# ubuntu 10.04 internet woes



## Psychosocial (Jul 15, 2010)

Okay I just installed 10.04. Let me tell you people that I am a Linux noob. I have had a bit of experience with previous distros but I am pretty much a newbie. So I setup 10.04 but I can't get my net to connect. It's working fine on Win7 (posting from it). It's a dsl connection. I use an ethernet wire to connect to the net.

I opened terminal and used the 'sudo pppoeconf' command and followed the instructions. This is how I used to get my net working on previous distros but it dosen't seem to work in 10.04. The terminal says that my connection is active but it isn't. The network manager icon isn't visible on the top panel.

I really want my net working. Any solutions ?


----------



## furious_gamer (Jul 15, 2010)

System > Preferences > Network Connections. This is how i configure my network adapter in Ubuntu. FYI I am using the same distro as yours. I am not a network kinda guy but still i dont do anything apart from this to get it connect. Lets try that


----------



## thewisecrab (Jul 15, 2010)

You followed the wiki? It solves all problems *wiki.ubuntu.com/ADSLPPPoE


----------



## Psychosocial (Jul 15, 2010)

@rajkumar_pb :- That's the first thing I tried .
@thewisecrab :- lemme check it out.

Btw installed wicd network manager. Did not help.


----------



## Liverpool_fan (Jul 15, 2010)

You can configure your CPE to Autodial(PPPoE) mode if it is a router that is.

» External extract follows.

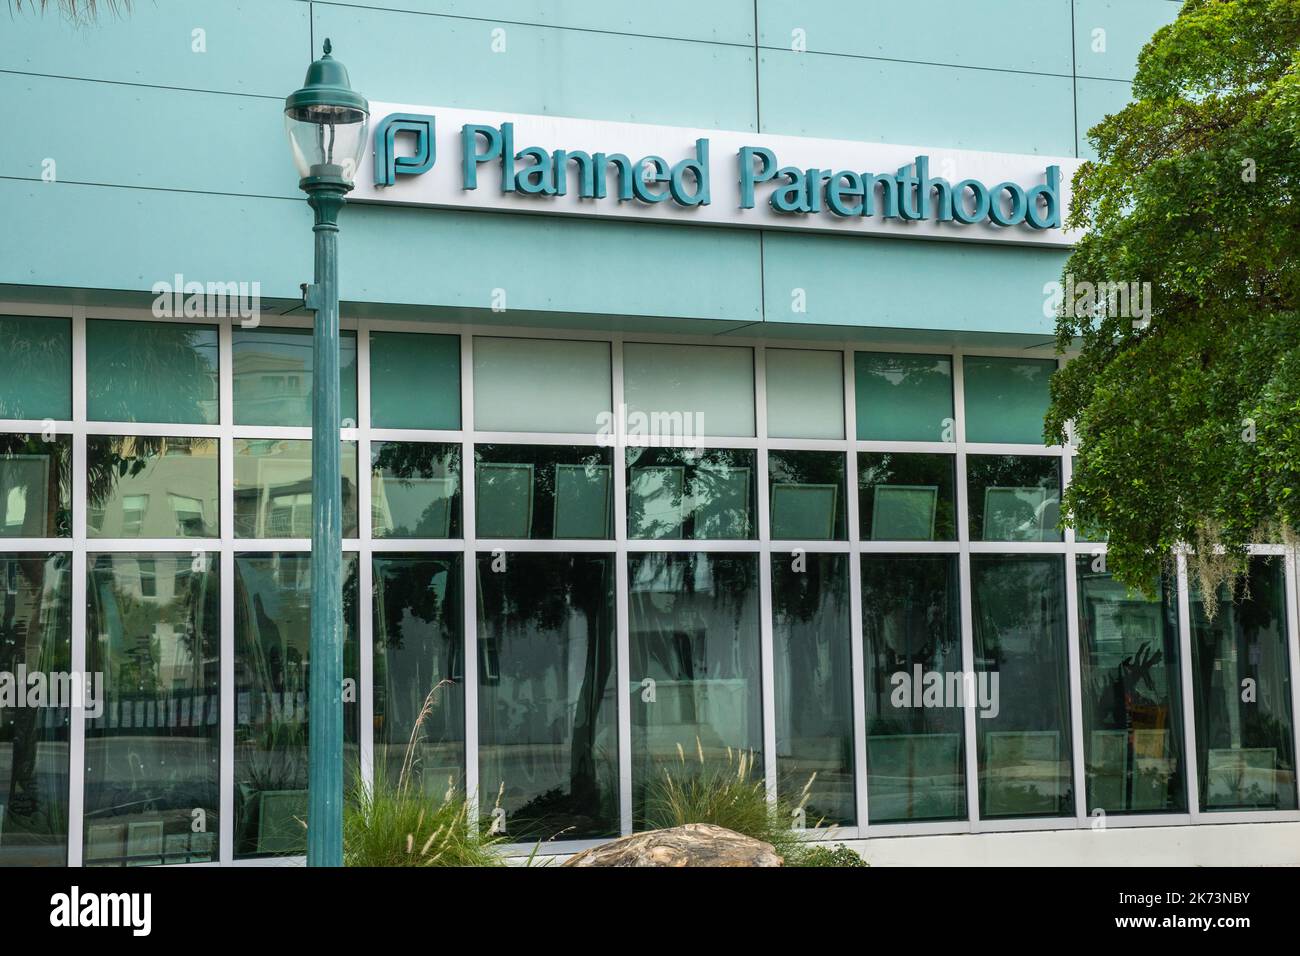 25. September 2022: Vor der geplanten Parenthood Clinic, einer Non-Profit-Organisation, die reproduktive Gesundheitsdienste anbietet. Stockfoto

---------- Post added at 05:15 PM ---------- Previous post was at 05:09 PM ----------

If you had configured ppoeconf before, then just Install pppoeconf from CD

Insert Ubuntu CD

sudo apt-cdrom add
sudo apt-get install pppoeconf


----------



## vignesh (Jul 15, 2010)

Hey,

Open a terminal and try "sudo dhclient eth0".


----------



## Psychosocial (Jul 15, 2010)

@Liverpool_fan and vignesh :- Thanks will try it.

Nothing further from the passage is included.